Pode alguém aceitar a morte da espécie da mesma forma que aceita a morte do indivíduo. A energia do universo adoptará novos padrões e novas formas, e o universo continuará a dançar ritmos até então desconhecidos. O espectáculo, naturalmente, prosseguirá. Mas por que razão há-de envolver tamanha agonia? Nervos e carne sensível a contorcerem-se sob o ataque implacável de dentes afiados — será esta a condição indispensável para a continuidade da vida? Se assim for, então o único problema filosoficamente sério, como dizia Camus, é saber se devemos ou não suicidar-nos.

Assim, o filósofo pergunta: para além do suicídio, haverá outra forma de escapar a este círculo vicioso de matança recíproca, que não deixa de ser uma espécie de suicídio cósmico? Existirá algum modo de evitar, atenuar ou suavizar este sistema de morte e sofrimento implícito até mesmo na existência do mais espiritual dos seres humanos?

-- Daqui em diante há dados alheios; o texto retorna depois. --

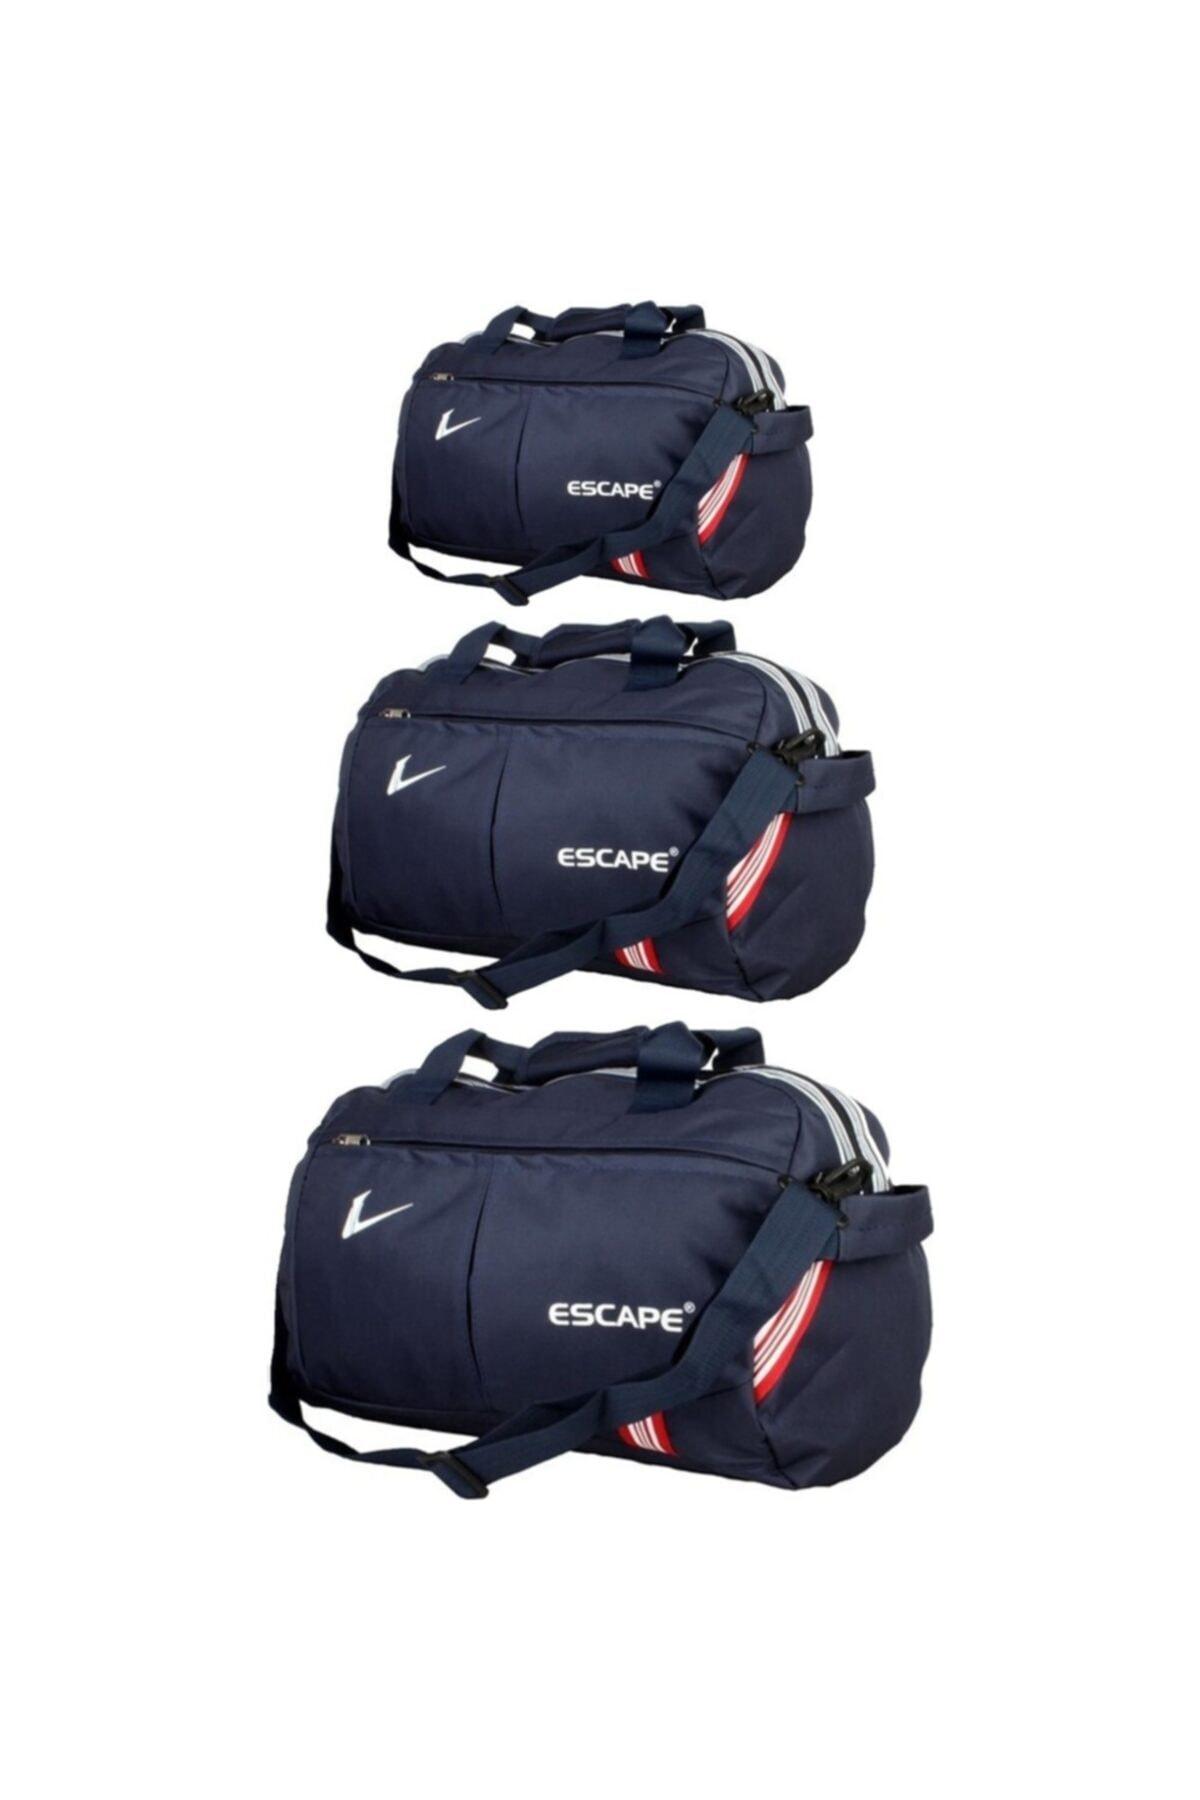 ESCAPE Spor Ve Seyahat Çantası3'lü Set 1

O vegetarianismo não constitui uma solução. Há muito tempo, o botânico indiano Jagadish Chandra Bose conseguiu medir as reacções das plantas quando eram arrancadas ou cortadas. Pode argumentar-se que as plantas não têm consciência do seu sofrimento; mas será mais sensato reconhecer que simplesmente não conseguem expressar, de forma perceptível para nós, a dor que sentem.

Quando mencionei as investigações de Bose ao budista rigorosamente vegetariano Reginald H. Blyth, autor do clássico Zen in English Literature, respondeu-me: «Sim, eu sei. Mas os vegetais, quando os matamos, gritam muito baixinho.»

Por outras palavras, Blyth mostrava indulgência para com os seus próprios sentimentos. Monges hindus e budistas levam ao extremo o princípio da ahimsa, ou da não-violência, chegando ao ponto de caminhar sempre de olhos postos no chão — não, como poderíamos imaginar, para evitar a tentação provocada por uma bela mulher que passe; mas para não esmagarem inadvertidamente besouros, caracóis ou minhocas. Ainda assim, essa atitude não deixa de ser um subterfúgio, um gesto ritual de respeito pela vida que em nada altera o facto de vivermos graças à morte de outros seres.

Ao recorrer à minha própria consciência em busca de alguma luz sobre esta questão tão espinhosa, encontrei três respostas.

A primeira consiste em admitir que decidir viver implica decidir matar. E, se estou verdadeiramente disposto a matar, devo fazê-lo da forma mais eficiente possível. Pense-se na agonia de ser decapitado por um carrasco incompetente. A morte deve ser tão rápida quanto possível, e a mão que segura a espingarda ou maneja a faca deve manter-se firme.

A segunda consiste em reconhecer que toda a forma de vida destinada a servir de alimento deve ser tratada segundo o princípio: «Amo tanto esta manifestação da vida que a vou comer», o que também significa: «Como tanto esta manifestação da vida que a vou amar.»

Este princípio tem sido impiedosamente ignorado pela agro-indústria e pela indústria piscatória modernas. Basta pensar em dois exemplos: as actuais técnicas de caça à baleia ameaçam a espécie de extinção, e a criação intensiva de aves inunda o mercado com falsos frangos e falsos ovos. Confinados em gaiolas metálicas e alimentados com rações artificiais, esses infelizes animais nunca esgravatam a terra nem sentem o calor do Sol; por isso, a sua carne é insípida. Tudo aquilo que não proporciona prazer à mesa é sinal de que também não foi tratado com respeito nem na exploração agrícola nem na cozinha.

A terceira resposta foi formulada de forma brilhante por Lin Yutang:

«A galinha sacrificada e mal cozinhada morreu em vão.»

O mínimo que posso fazer por uma criatura que morreu para meu benefício é honrá-la — não através de um ritual vazio de significado, mas cozinhando-a na perfeição e saboreando-a plenamente.

O amor pelas plantas e pelos animais que tornam possível a nossa vida deve manifestar-se, acima de tudo, na cozinha.